Problem: When looking at mcap files I want to understand how much space particular topics take up. I might want to know if I have some heavyweight topics I need to trim or if some debug topic is taking a large amount of space relative to its worth. Having a command that shows me how much "space" is used by each topic can help me answer such questions.

This change introduces a new mcap du command. This command reads and mcap file and outputs "disk usage" statistics about the mcap file.
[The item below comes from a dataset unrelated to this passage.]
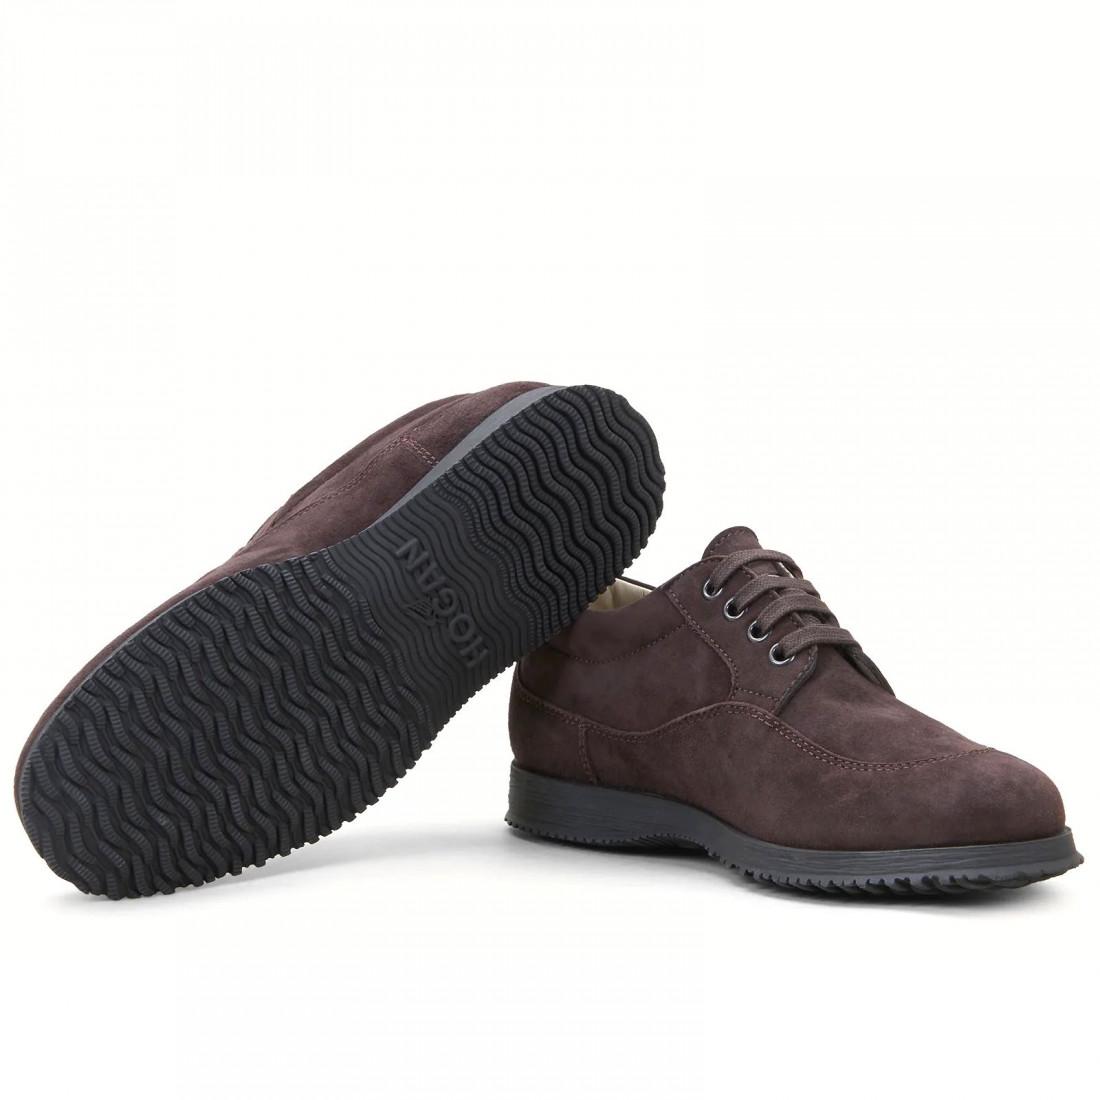 sneakers donna hogan hxw00e00010cr0s807 6461

Below I show invocations of this command on some sample mcap files. The output shows the space taken by each kind of record and then the space per topic (relative to all topics). For me, the primary use-case for this command to show the "topic" information but wanted to offer both sets of "usage" for discussion. I would probably hide the "record" breakdown under a flag or remove it entirely.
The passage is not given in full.